The notebook runs OK as-is. As you may expect, sampling is much slower when i increase the size of the training dataset. I've tried to enable jit
compilation in the pyro
NUTS sampler:
nuts_kernel = NUTS(pyro_model, adapt_step_size=True, jit_compile=True)
After this change, the NUTS sampler crashes:
Warmup: 0%| | 0/300 [00:00, ?it/s]
---------------------------------------------------------------------------
RuntimeError Traceback (most recent call last)
<ipython-input-4-56cc00113944> in <module>()
26 nuts_kernel = NUTS(pyro_model, adapt_step_size=True, jit_compile=True)
27 mcmc_run = MCMC(nuts_kernel, num_samples=num_samples, warmup_steps=warmup_steps, disable_progbar=smoke_test)
---> 28 mcmc_run.run(train_x, train_y)
24 frames
/usr/local/lib/python3.6/dist-packages/pyro/poutine/messenger.py in _context_wrap(context, fn, *args, **kwargs)
9 def _context_wrap(context, fn, *args, **kwargs):
10 with context:
---> 11 return fn(*args, **kwargs)
12
13
/usr/local/lib/python3.6/dist-packages/pyro/infer/mcmc/api.py in run(self, *args, **kwargs)
378 with optional(pyro.validation_enabled(not self.disable_validation),
379 self.disable_validation is not None):
--> 380 for x, chain_id in self.sampler.run(*args, **kwargs):
381 if num_samples[chain_id] == 0:
382 num_samples[chain_id] += 1
/usr/local/lib/python3.6/dist-packages/pyro/infer/mcmc/api.py in run(self, *args, **kwargs)
167 for sample in _gen_samples(self.kernel, self.warmup_steps, self.num_samples, hook_w_logging,
168 i if self.num_chains > 1 else None,
--> 169 *args, **kwargs):
170 yield sample, i # sample, chain_id
171 self.kernel.cleanup()
/usr/local/lib/python3.6/dist-packages/pyro/infer/mcmc/api.py in _gen_samples(kernel, warmup_steps, num_samples, hook, chain_id, *args, **kwargs)
109
110 def _gen_samples(kernel, warmup_steps, num_samples, hook, chain_id, *args, **kwargs):
--> 111 kernel.setup(warmup_steps, *args, **kwargs)
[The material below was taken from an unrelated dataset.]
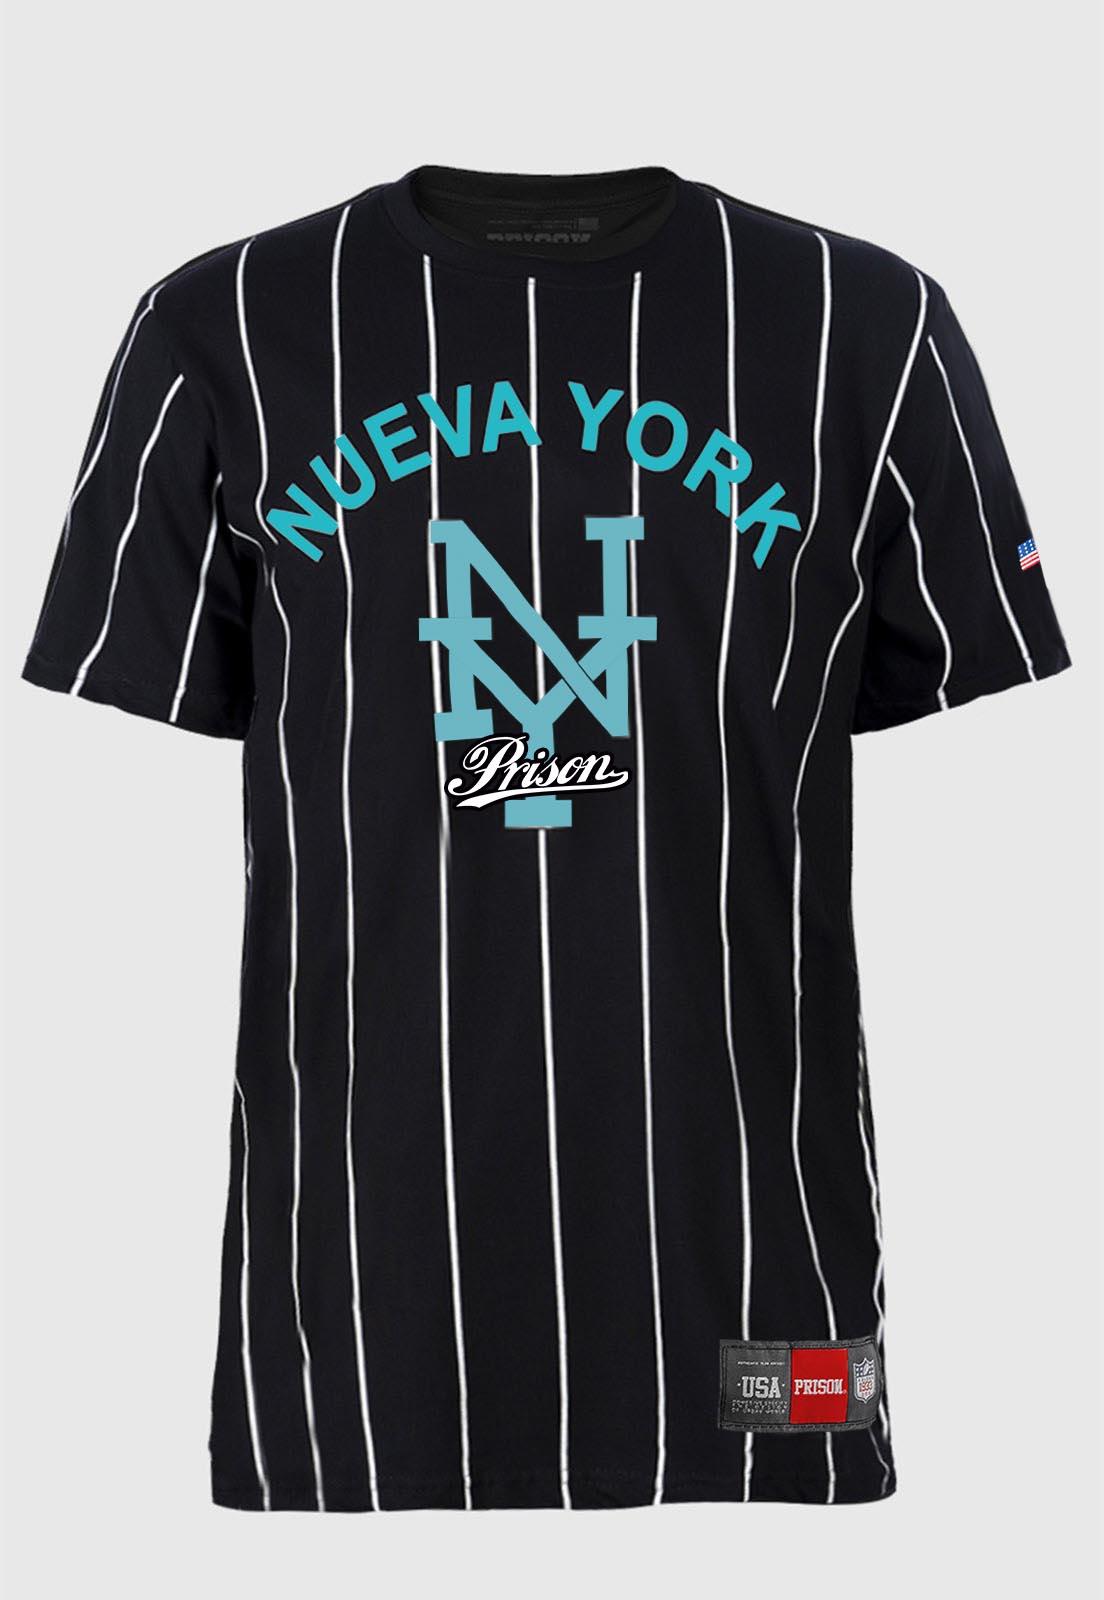 Camiseta Baseball listrada Prison Nueva York Exclusiva

112 params = kernel.initial_params
113 # yield structure (key, value.shape) of params
/usr/local/lib/python3.6/dist-packages/pyro/infer/mcmc/hmc.py in setup(self, warmup_steps, *args, **kwargs)
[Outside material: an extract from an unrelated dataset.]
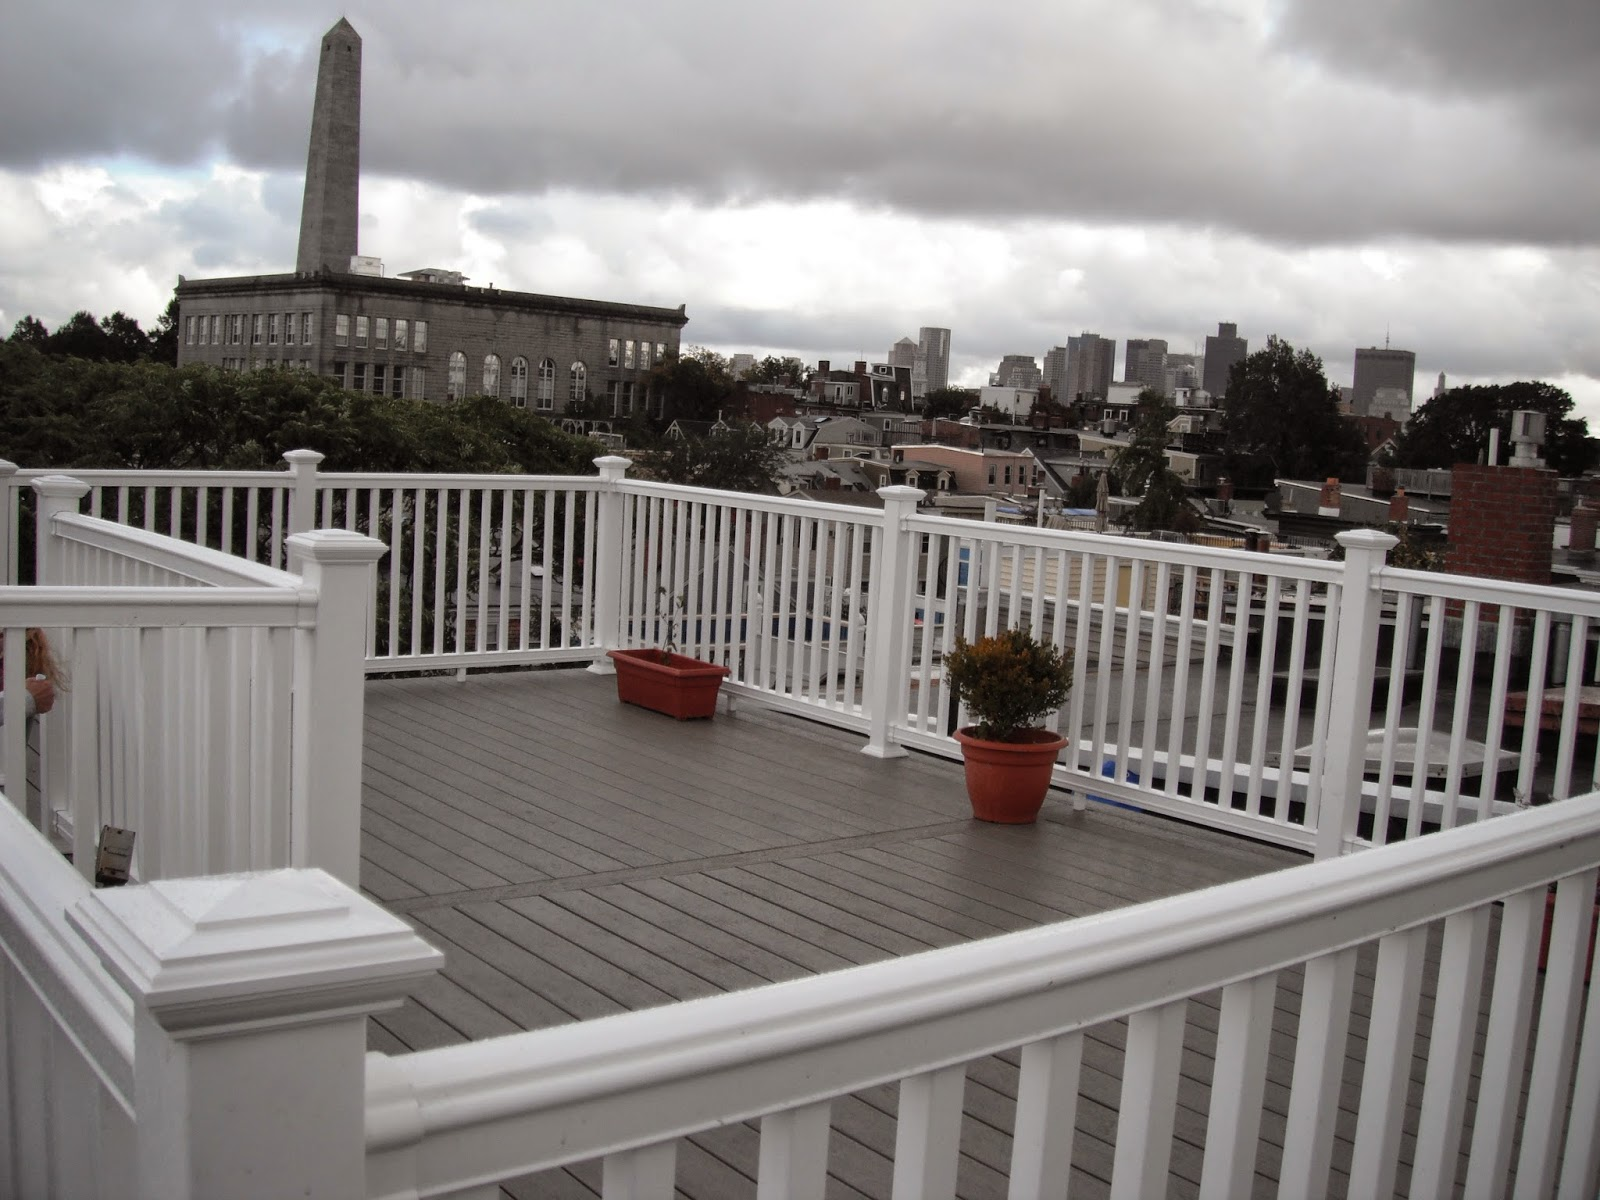 Maintenance Free Decking-Composite Decking-Railing-Deck Repair ... on

304 if self.initial_params:
305 z = {k: v.detach() for k, v in self.initial_params.items()}
--> 306 z_grads, potential_energy = potential_grad(self.potential_fn, z)
307 else:
308 z_grads, potential_energy = {}, self.potential_fn(self.initial_params)
/usr/local/lib/python3.6/dist-packages/pyro/ops/integrator.py in potential_grad(potential_fn, z)
80 return grads, z_nodes[0].new_tensor(float('nan'))
81 else:
---> 82 raise e
83
84 grads = grad(potential_energy, z_nodes)
/usr/local/lib/python3.6/dist-packages/pyro/ops/integrator.py in potential_grad(potential_fn, z)
73 node.requires_grad_(True)
74 try:
---> 75 potential_energy = potential_fn(z)
76 # deal with singular matrices
77 except RuntimeError as e:
/usr/local/lib/python3.6/dist-packages/pyro/infer/mcmc/util.py in _potential_fn_jit(self, skip_jit_warnings, jit_options, params)
287 if skip_jit_warnings:
288 _pe_jit = ignore_jit_warnings()(_pe_jit)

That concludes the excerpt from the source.